Another year without blogging
2009 -- a year in which The Rag has been utterly neglected, and not for lack of anything to write about. The big news is that the son was born this year, a result of the wife's pregnancy that I mentioned in the previous posting. I really wanted to write about it when it happened and the memory was fresh, but that only would have made me even more sleep deprived.
My wedding anniversary happened to fall on President's Day this year, and I happened to have a job this year that let me take President's Day off. It was two days before the son's due date, and the wife had had quite enough of the whole pregnancy thing, but we still made plans to get out, have lunch at R.J. Grunts in Lincoln Park, and take a nice walk through the Lincoln Park Conservatory.
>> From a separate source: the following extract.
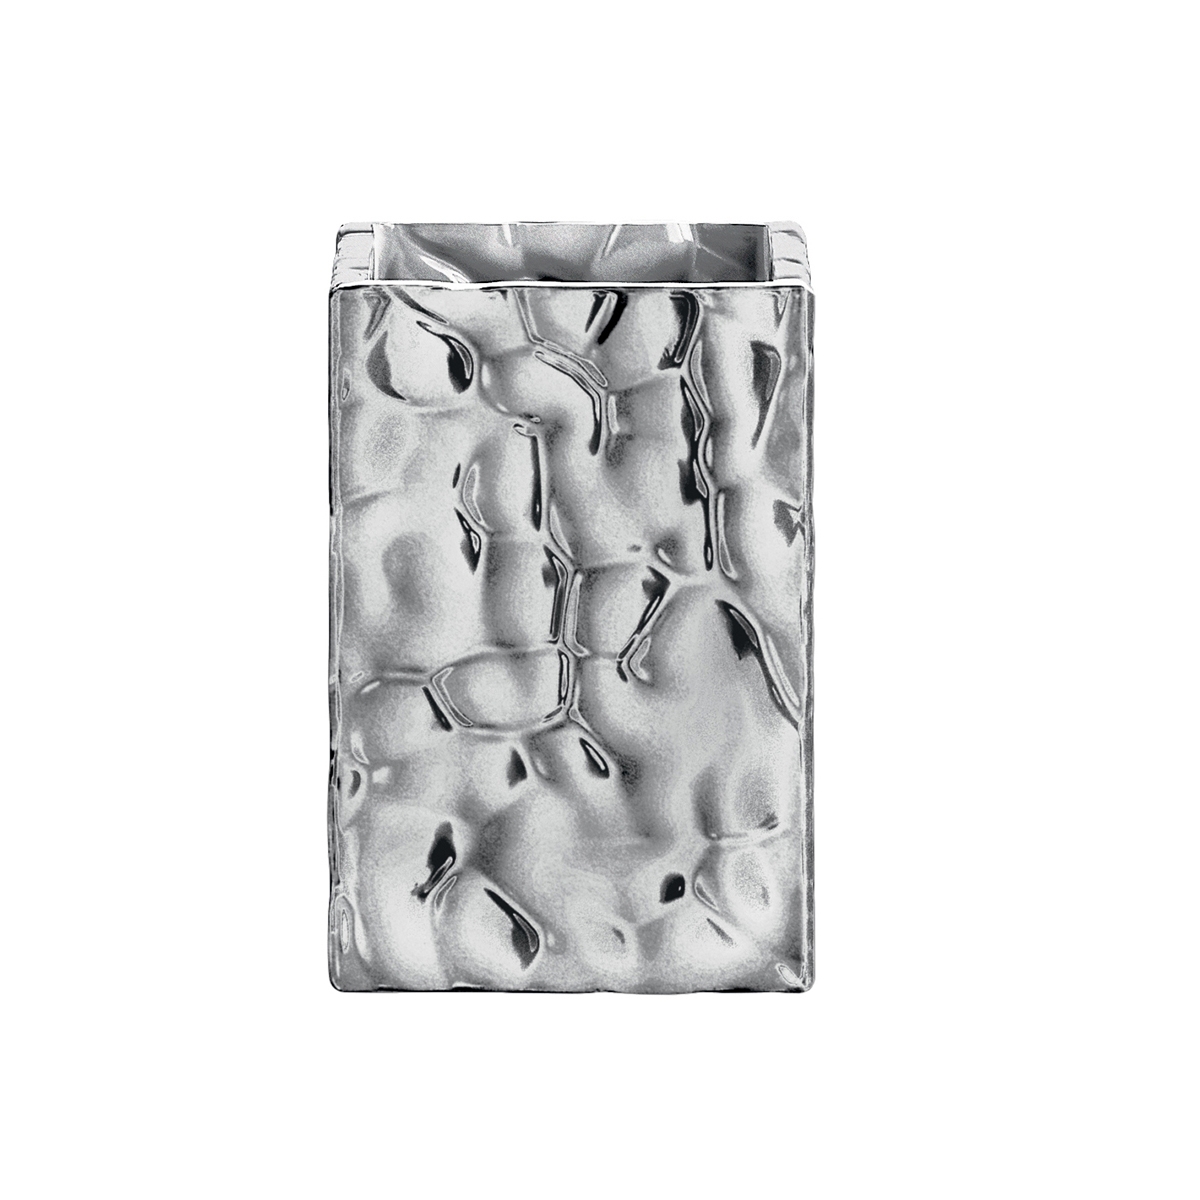 Porta spazzolini in ceramica argento - 1

The traditional gift for the first anniversary being paper, I left home after breakfast to get some paper goods from the dollar store -- a deck of cards, a journal, construction paper. Upon returning home and presenting these gifts to the wife, we got ready to head out for lunch. At some point, the wife mentioned that there seemed to be something going on with the pregnancy. She wasn't quite sure, but maybe her water broke? She decided to call the doctor.
The wife made an appointment, but we still planned to go to R.J. Grunts afterward. She really, really wanted that salad bar, and whatever was going on with her body was probably nothing. False alarm. It could at least wait until after lunch! (Of course, you, the reader, know what happened. I mean, if her water hadn't broken, it wouldn't make a very interesting story, would it?)
And of course, as we entered the building where her doctor's office was, the floodgates opened. It should suffice to say that it was hardly necessary to get the doctor's opinion at that point. And R.J. Grunts would have to wait. However, there was one other thing that wouldn't wait.
Let's back up a few hours to when I was shopping for paper. As I was browsing the dollar store's collection of journals, my phone rang. It was Performers' Music, located in the Fine Arts Building on South Michigan Avenue, and they were calling to let me know my tenor recorder had arrived at long last! I could pick it up any time. I said I wasn't planning on being downtown that day, but I could stop by on my lunch hour the next day.
As the wife and I were leaving the doctor's office, I realized that there was no chance I'd make it to the music store the next day. Or any day that week, for that matter. But I had been waiting so long. I had ordered the instrument around New Year's, and the first one that was shipped was defective. Now it was waiting for me, just a few miles away, but the only way I was going to have it any time soon was if I picked it up right away. So yes, we drove down to the Loop, and I left the wife, whose water had just broken, in the car while I ran up to the ninth floor of the Fine Arts Building to pick up a recorder.
It was already late in the afternoon when we arrived at the hospital. The midwife was called, labor was induced. An exhausting twenty-six hours later, still not much progress. Cesarean, after all that. Sigh.
I joined the wife in the OR, and I don't know how I managed to stay conscious and upright. It was such an intense experience, I have a hard time organizing my memories of it. The wife was given an epidural that made her shake all over. There was activity behind a screen -- something I did not want to see. Then a baby crying. There he was over on the far side of the room being examined. My own tears obscured my vision. And then he was there in front of me, held up by a vague figure in scrubs. Wet. Hairy. Tongue quivering. Did I want to hold him? Are you kidding? Do I look like I'm in any condition to hold a newborn?
I'm sure everyone wonders, before their first child is born, what would their progeny look like? Would he have long eyelashes and thin eyebrows, or short eyelashes and bushy eyebrows? Short arms and long legs, or long arms and short legs? I had tried to create an image in my mind, but nothing I imagined came close to the real thing. The instant I first saw my son, wailing in the operating room, there was a flash of recognition -- this was my son, and he really did look like me, as much as a newborn could. My son. Wild.